Lawsuit Claims the Dead Are Voting in Florida

     (CN) — There are more people registered to vote in Broward County, Florida than there are living (and of voting age) there, a lawsuit filed by the American Civil Rights Union claims.
     That means dead people, non-citizens and frauds may be casting ballots, the nonprofit claims.
     “When a county has more people registered to vote than there are eligible residents, it’s an open door for vote fraud,” said ACRU Chairman and CEO Susan Carleson. “Broward’s Supervisor of Elections, Dr. Brenda Snipes, is not using all of the tools available to keep Florida elections clean.”
     Carleson’s organization. is a Conservative nonprofit that says it promotes election integrity and compliance with federal election laws. Its June 27 complaint accuses Snipes of failing to conduct reasonable voter list maintenance for elections for federal office, as required by Section 8 of the National Voter Registration Act of 1993.

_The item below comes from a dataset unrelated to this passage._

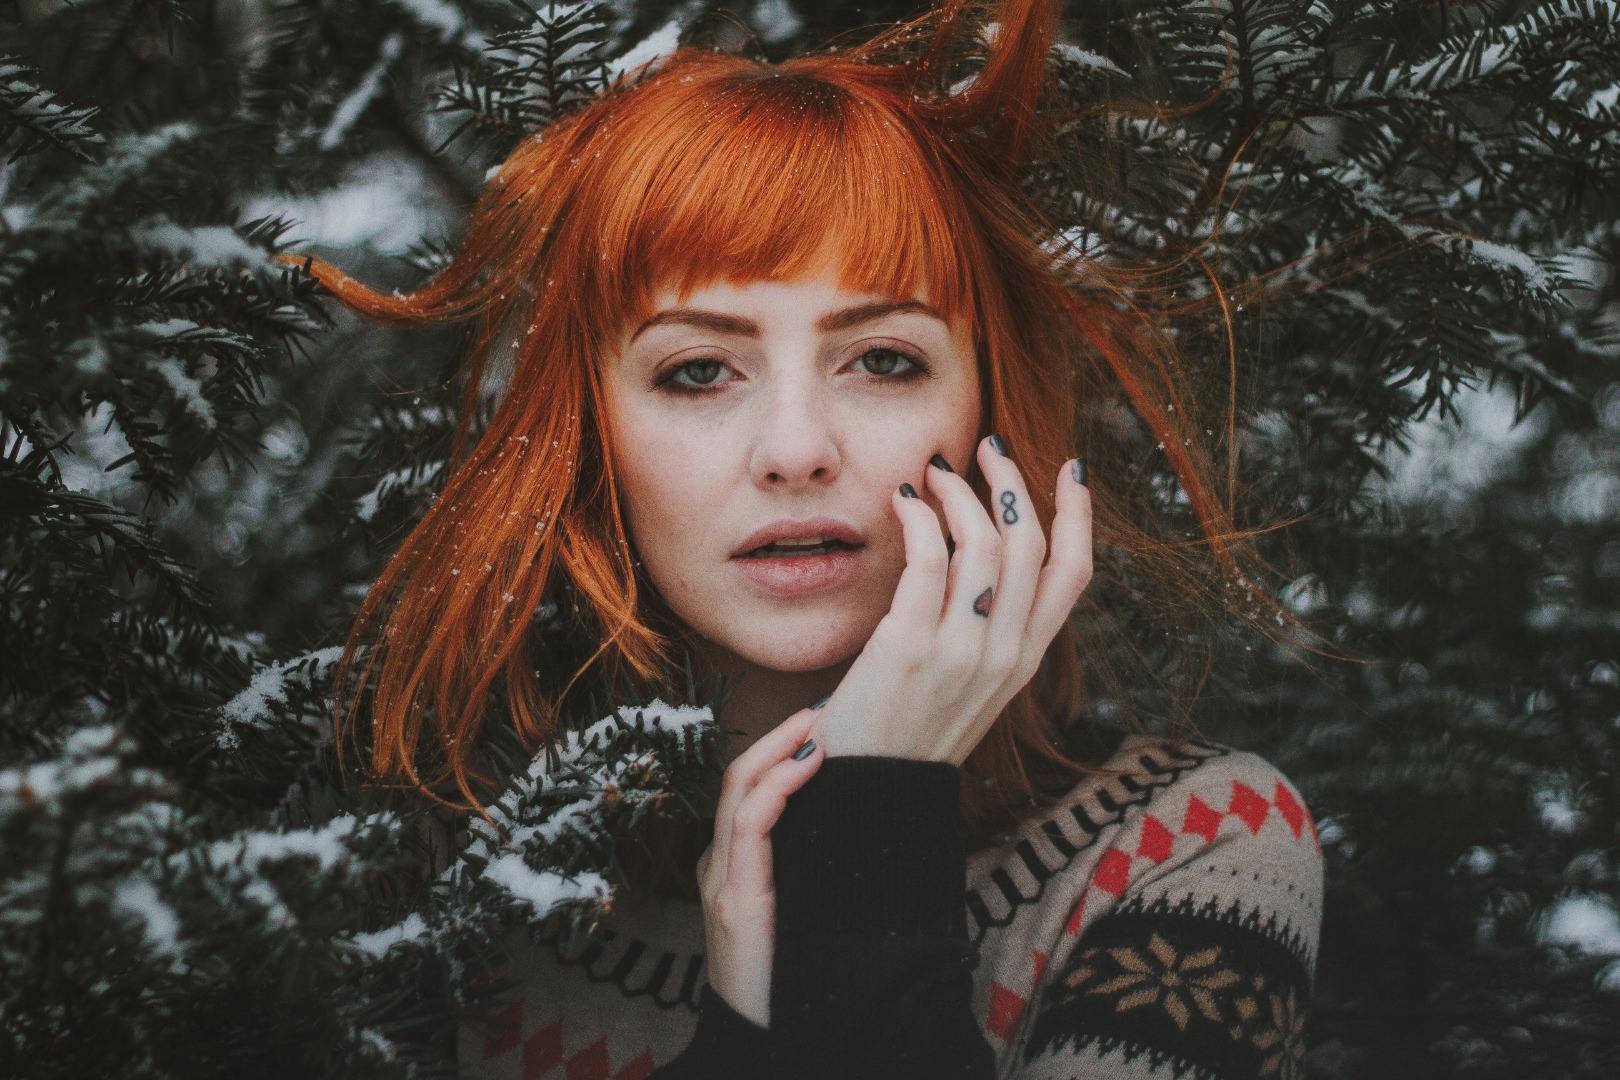 Blog Post - attenzione al freddo - come mantenere i capelli belli sani inverno

     According to the complaint, Snipes has also declined to produce records that Carleson’s nonprofit requested, which is also a violation of the NVRA.
     The organization concluded something was amiss by comparing publicly available information from the U.S. Census Bureau and the federal Election Assistance Commission.
     “At the time of the 2014 general election cycle, approximately 103% of the citizens of voting age were registered to vote and could cast a ballot in Broward County,” the suit claims. “In 2010, 106% of the citizens of voting age were registered to vote and could cast a ballot in Broward County.”
     Although Snipes has been given reliable information regarding registered voters who have died or no longer resided in the county, she hasn’t implemented programs to update the list, the suit claims.
     In January, the nonprofit sent a letter to Snipes explaining the problem, and Snipes responded.
     “At no time during my tenure, which began in November 2003, has the number of registered voters outnumbered the live persons residing in Broward County,” Snipes wrote. She added that Broward adheres strictly to Florida voter list maintenance programs and attached some reports from 2010-2015.
     Those reports showed that in the past five years, only 18 people have been removed from the list for not being U.S. citizens, while the noncitizen population in Broward is 256,430, according to the American Community Survey. That’s more than 13 percent of the population in Broward.
     To update the lists, the nonprofit has urged Snipes to use jury excusal forms, which identify people who say they are no longer living in Broward County, along with obsolete mailing addresses.
     “It would be simple to cross-check the excusal forms or other data regarding jurors who have moved, died, or declared non-United States citizenship to ensure those persons are not on the voter registry,” the complaint states.
     Snipes responded to a request for comment from Courthouse News by explaining that she can’t comment now, but will be able to once she and her staff have a chance to review the complaint. The suit requests that Snipes be enjoined from continuing to violate the law and forced to implement “reasonable and effective registration list maintenance programs to cure failures to comply with Section 8 of the NRVA.” It also requests that Snipes be ordered to respond to the request for records concerning program implementation. Lastly, it requests injunctive relief “to ensure that the 2016 Florida statewide general election is not conducted in Broward County using voter rolls with ineligible registrants.”
     William Davis with Foley and Lardner LLP represents the plaintiffs, but could not be reached for comment.
     “Broward was one of four Florida counties that was asked to do a recount in the 2000 presidential election,” Carleson said. “We think it’s time they cleaned up their rolls before the next one.”
     The ACRU has filed similar lawsuits in Texas and Mississippi counties where Democrats have recently dominated in presidential elections, according to the Miami Herald.
     Robert Knight, a senior fellow with ACRU, said that more than 200 counties across the United States have the same issue Broward does.
     He said in addition to the two states cited by the Miami Herald, the organization has also filed a lawsuit in Pennsylvania.
     It each case, Knight said, a lawsuit was filed based on how egregious the number discrepancies are and how familiar the ACRU attorneys are with the law in states where it is happening.